SINTEF DIGITAL, Oslo, Norway.
Department of Mathematical Sciences, Norwegian University of Science and Technology, Trondheim, Norway.
PLoS Comput Biol. 2023 Mar 14;19(3):e1010963. doi: 10.1371/journal.pcbi.1010963. eCollection 2023 Mar.
Estimating feature importance, which is the contribution of a prediction or several predictions due to a feature, is an essential aspect of explaining data-based models. Besides explaining the model itself, an equally relevant question is which features are important in the underlying data generating process. We present a Shapley-value-based framework for inferring the importance of individual features, including uncertainty in the estimator. We build upon the recently published model-agnostic feature importance score of SAGE (Shapley additive global importance) and introduce Sub-SAGE. For tree-based models, it has the advantage that it can be estimated without computationally expensive resampling. We argue that for all model types the uncertainties in our Sub-SAGE estimator can be estimated using bootstrapping and demonstrate the approach for tree ensemble methods. The framework is exemplified on synthetic data as well as large genotype data for predicting feature importance with respect to obesity.
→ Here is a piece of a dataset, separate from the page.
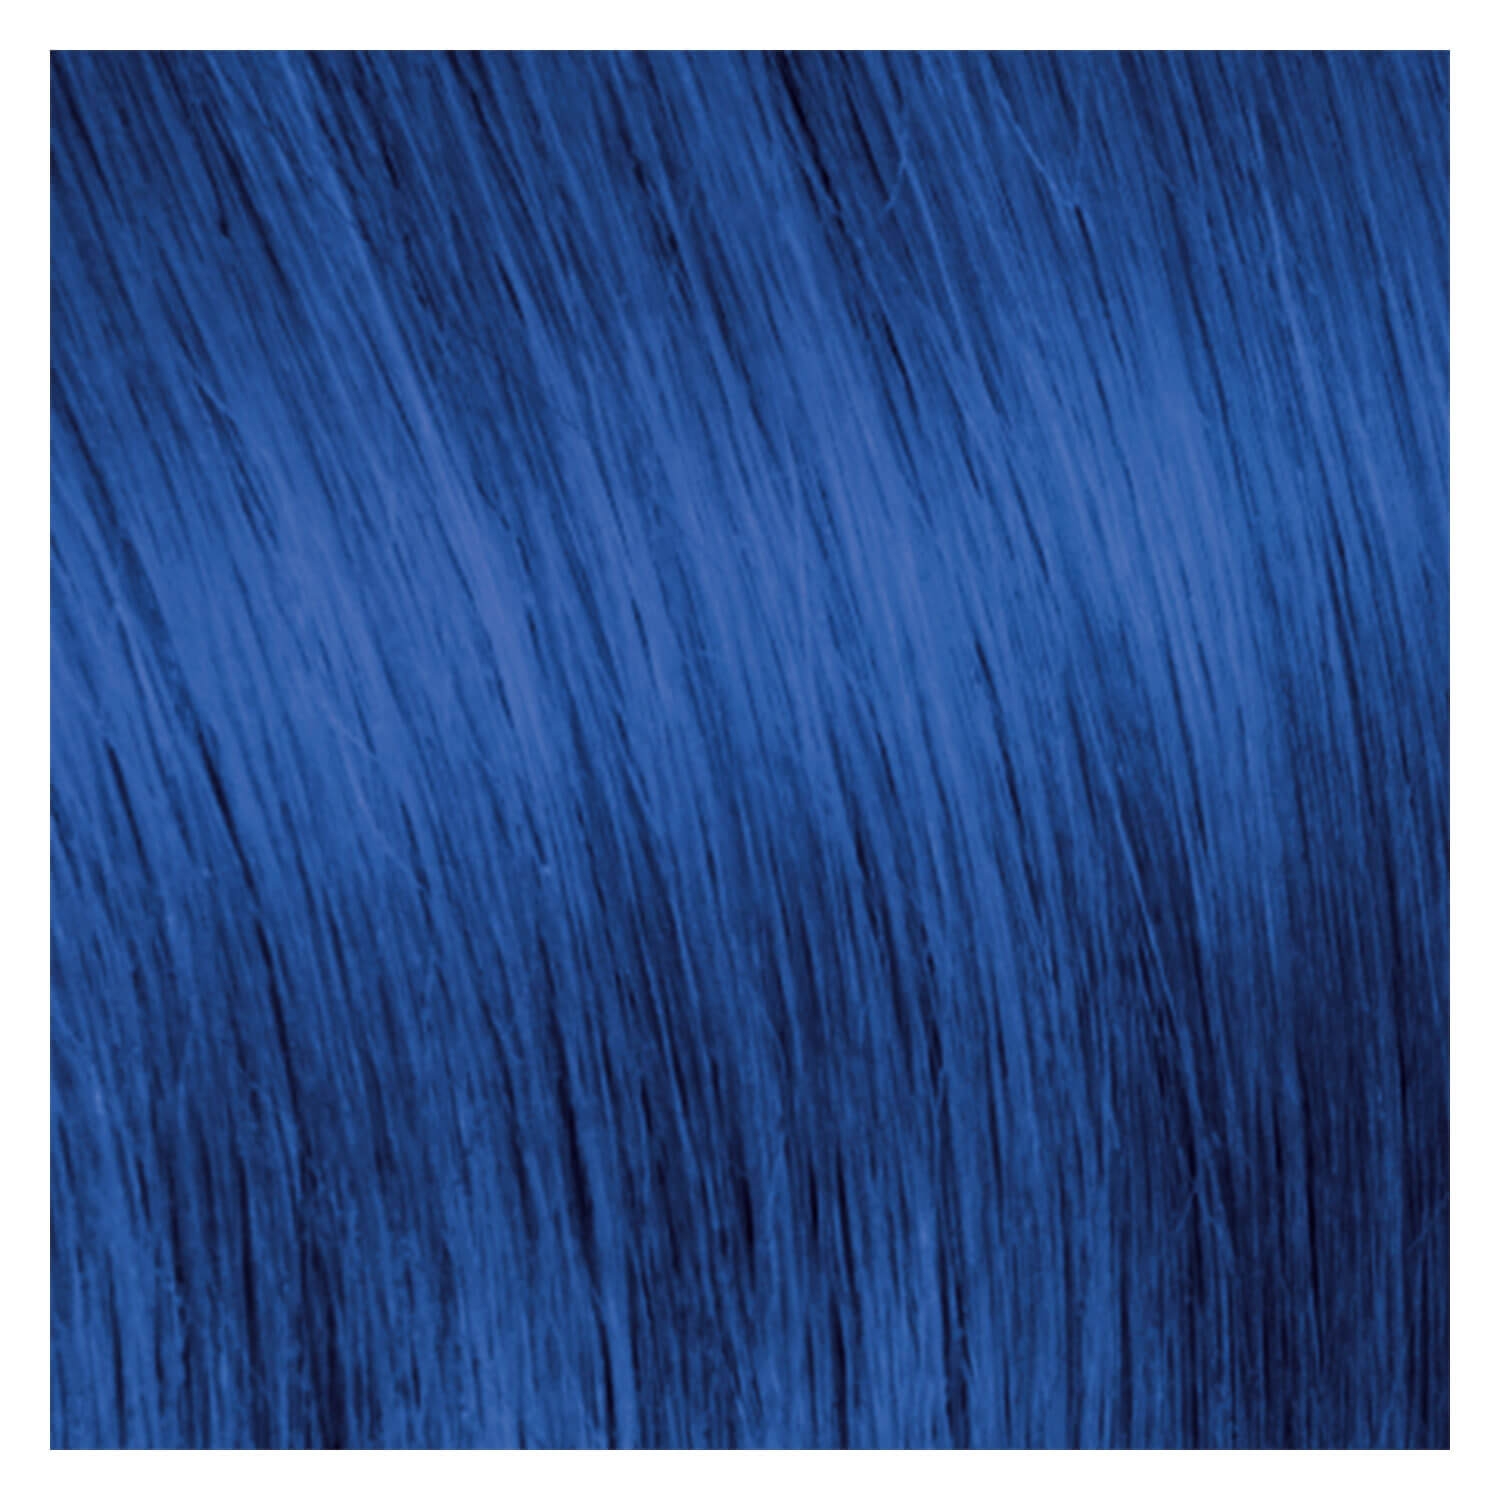 Produktbild von SHE Tape In-System Hair Extensions Straight - Blau 55/60cm

估计特征重要性,即由于某个特征导致的预测或多个预测的贡献,是解释基于数据的模型的一个重要方面。除了解释模型本身之外,一个同样相关的问题是,在潜在的数据生成过程中哪些特征是重要的。我们提出了一个基于 Shapley 值的框架,用于推断单个特征的重要性,包括估计器中的不确定性。我们基于最近发布的 SAGE(Shapley 可加全局重要性)的无模型特征重要性得分进行构建,并引入了 Sub-SAGE。对于基于树的模型,它的优点是可以在不进行计算成本高昂的重采样的情况下进行估计。我们认为,对于所有模型类型,我们的 Sub-SAGE 估计器的不确定性都可以使用自举法进行估计,并针对树集成方法演示了该方法。该框架在合成数据以及用于预测肥胖特征重要性的大型基因型数据上进行了示例。